At the defailt beams of 8, each caption takes about 20 to 25 seconds to generate.
On the captioning side, the code breaks the caption into sentences and limits the number of sentences to three. Through my experimentation, I've found that the third sentece usually describes the background of image. You may want to change line 174, to sentences = [s.strip() + '.' for s in sentences[:2]], if you prefer 2 sentence captions.
The code also attempts to remove sentence fragments from the caption, but not always succeeeds.
The code also attempts to remove phrases in the caption that aren't descriptive, e.g. "The image shows" and "looking directly at the camera," etc.
There is an option to specify the identity of the person in a folder, with --name "John Smith" or whatever name you choose. The name of the person will be substituted for generic nouns like "woman" or "man."
On the image side, the code checks if the image contains a transparency, and if it does, removes it and saves the image.
You can also specify a target size for the images. The default is 768 on the smaller side. If the smaller side is less than 768, it will be resized, keeping the aspect ratio, and saved. If the smaller side is greater than or equal to 768, the image will be unchanged.
Welcome to the MiniGPT-4 Batch repo! This repository provides an implementation of MiniGPT-4 to mass caption Stable Diffusion images. It utilizes llama weights that are downloaded automatically if not already present. Please note that this implementation currently works only on Linux systems and runs only on high end machines (not the free colab).

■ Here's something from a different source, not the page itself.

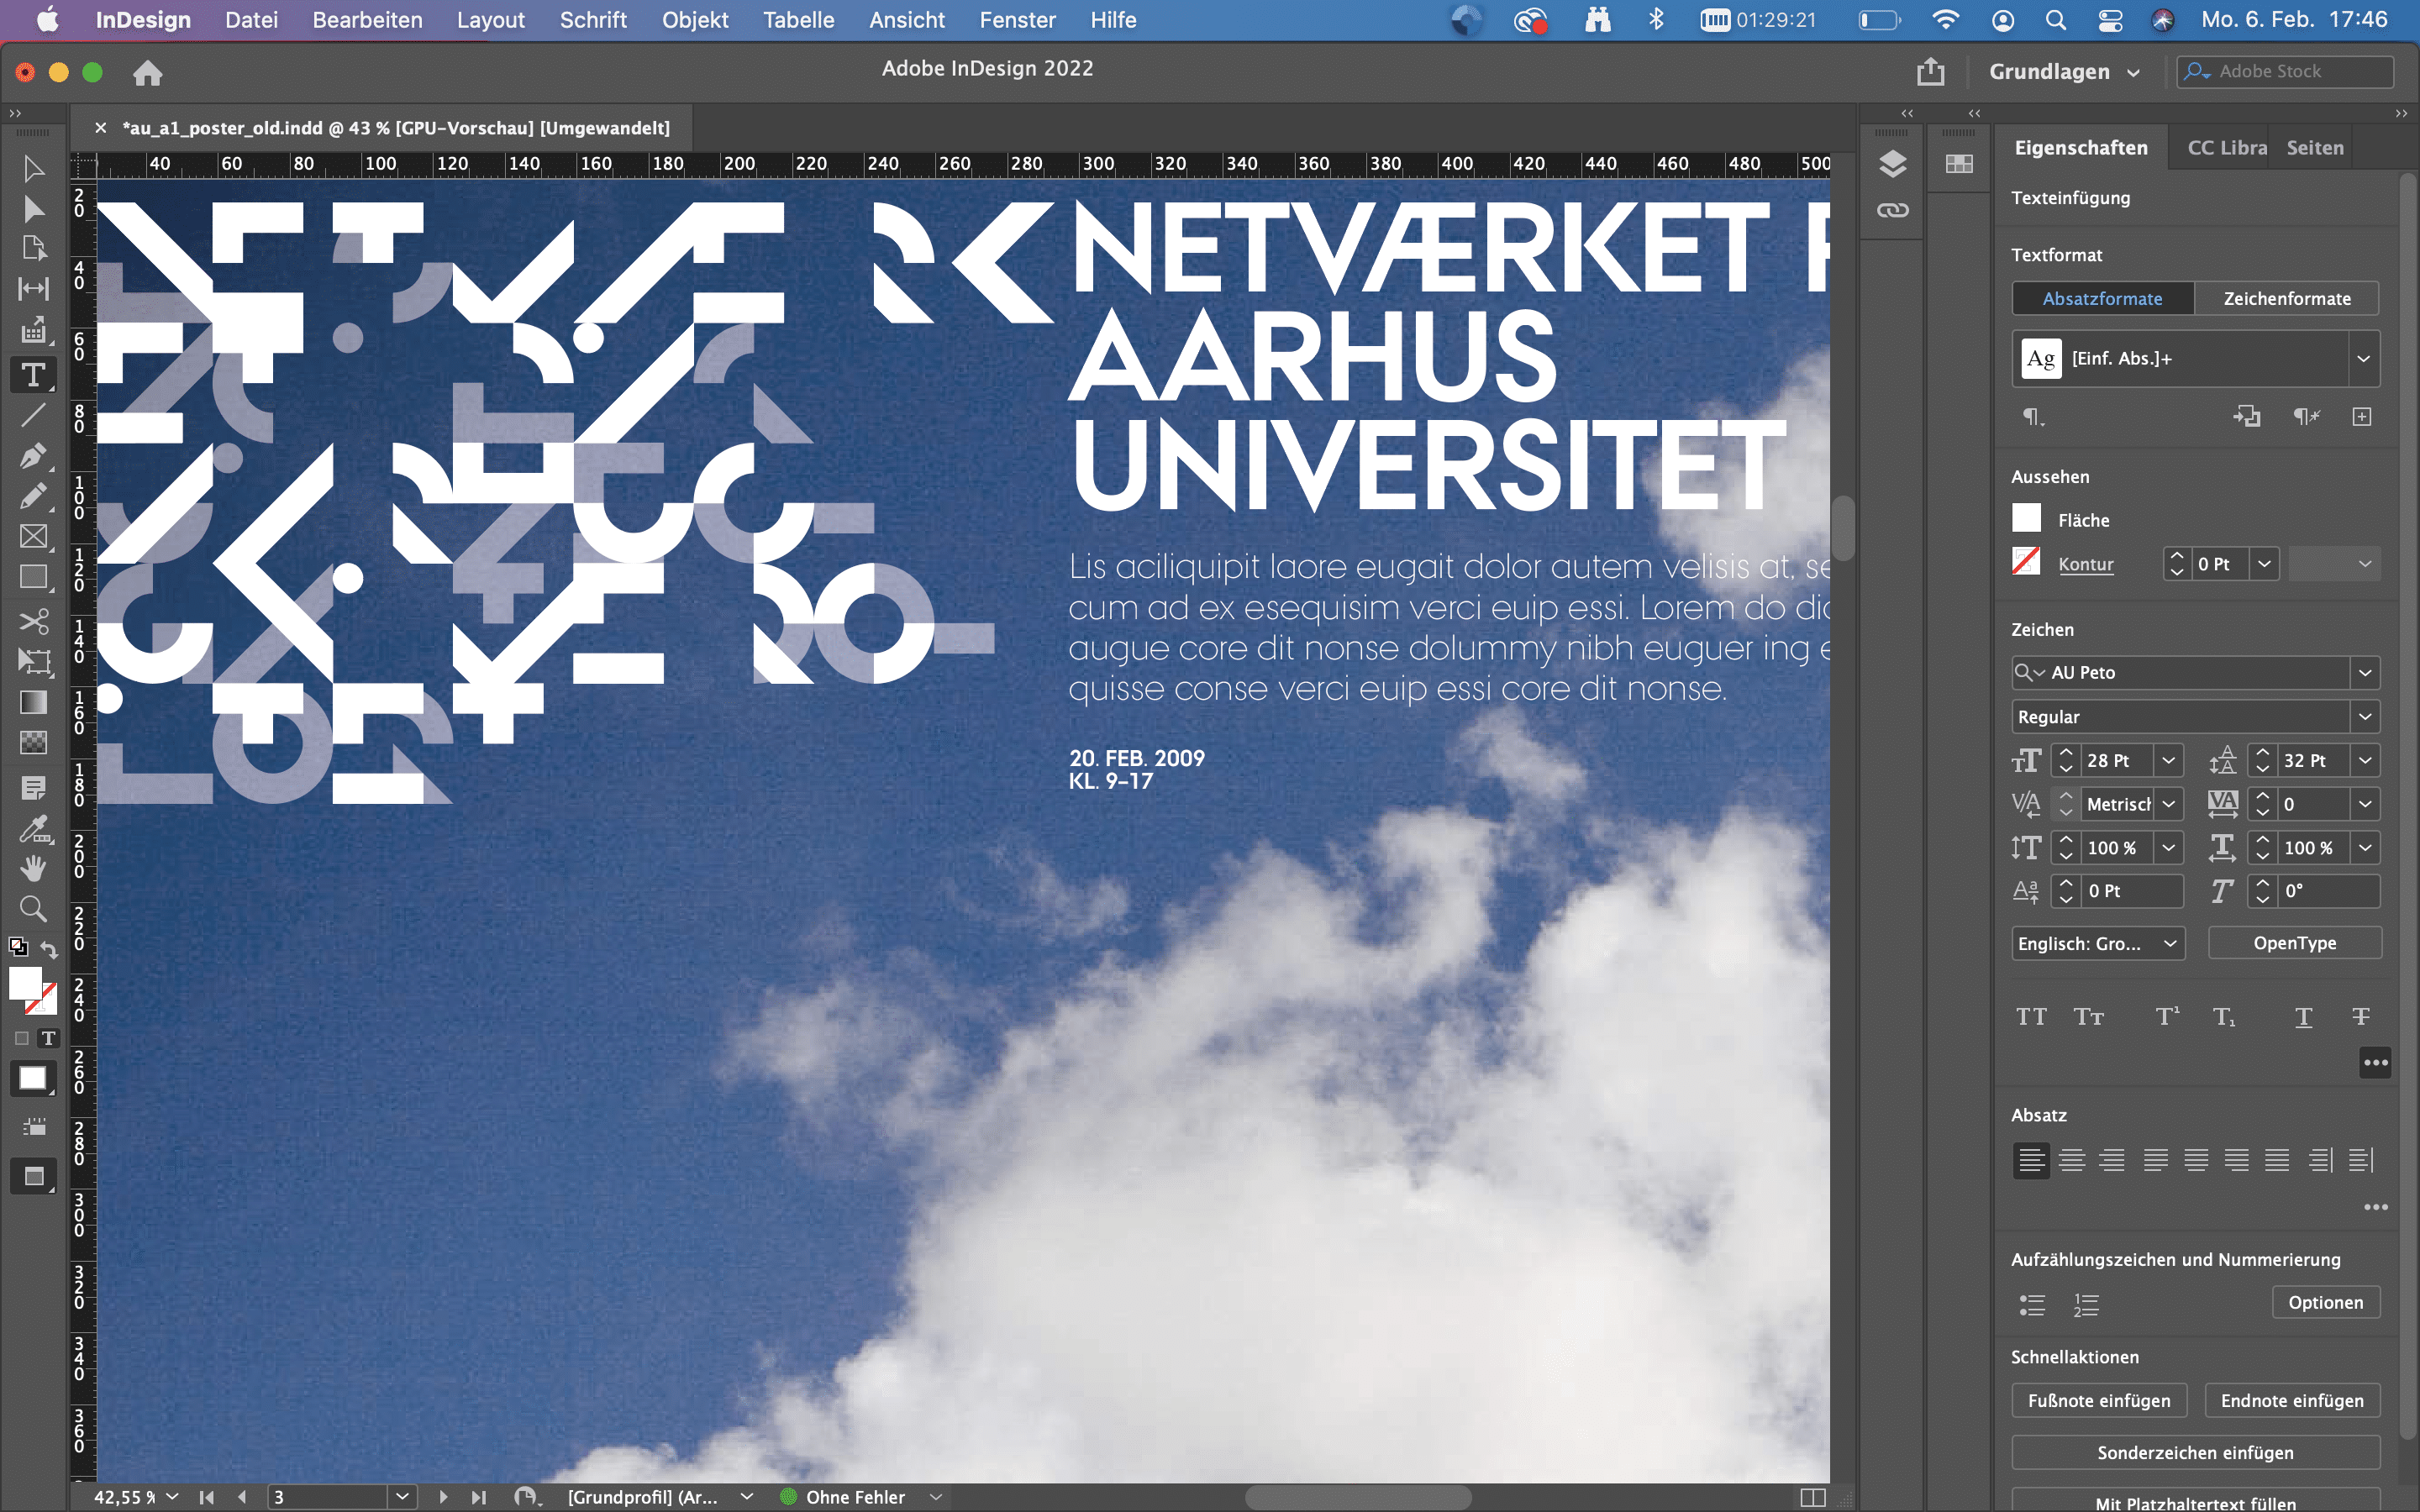 Das fünfte Element in Branddesign: Teilweise abstrakte Typografie vor blauem Himmel mit weißen Wolken auf der Benutzeroberfläche in InDesign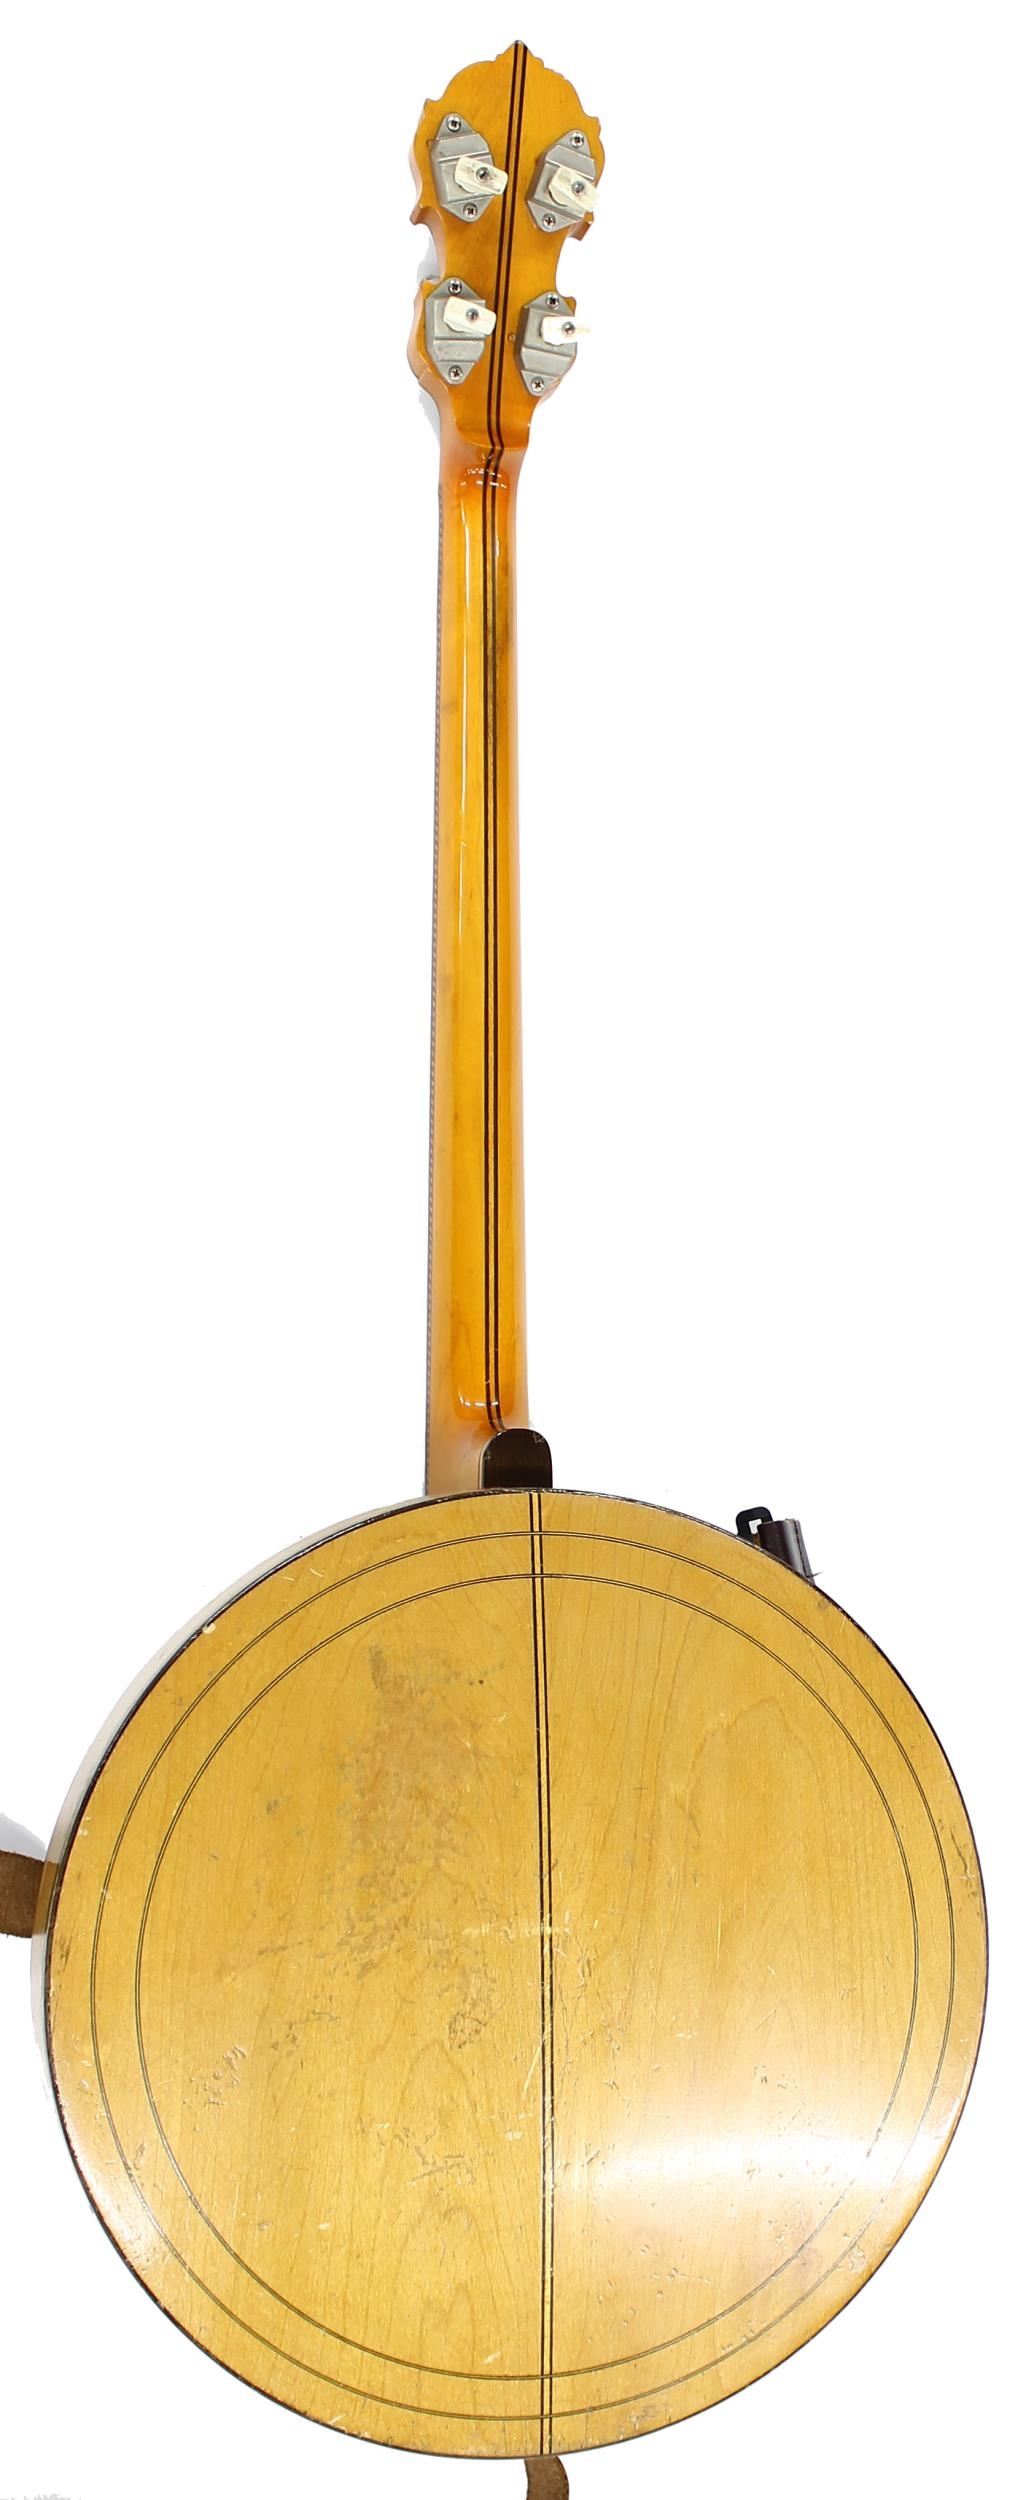 William Lange Paramount Style A banjo, with ebony and boxwood banded maple resonator, 11" skin, - Image 2 of 2

To install and run MiniGPT-4 Batch on Windows, please follow these steps:
-
Run the
Setup.bat
script:Setup.bat
-
Check your
/images
and/mycaptions
folders. In the/images
folder, one sample image is provided; feel free to delete it. -
If you're just testing it out, simply execute the
run.bat
script.OR
-
If you want to run the script manually, you need to:
a. Activate the virtual environment:
.\venv\Scripts\activate.bat
b. Run the
app.py
script with the desired options:python app.py --image-folder ./images --beam-search-numbers 2
NEW: We're testing to combine WD tags with minigpt4-batch. If you want to include WD tags along with minigpt4 captions, consider running backup_app.py. In
backup_app.py
WD tagging is mandatory, working to make that optional!python backup_app.py --image-folder ./images --beam-search-numbers 2 --model-dir models/wd14_tagger --undesired-tags '1girl,1boy,solo'
Now you're all set to use MiniGPT-4 Batch on Windows!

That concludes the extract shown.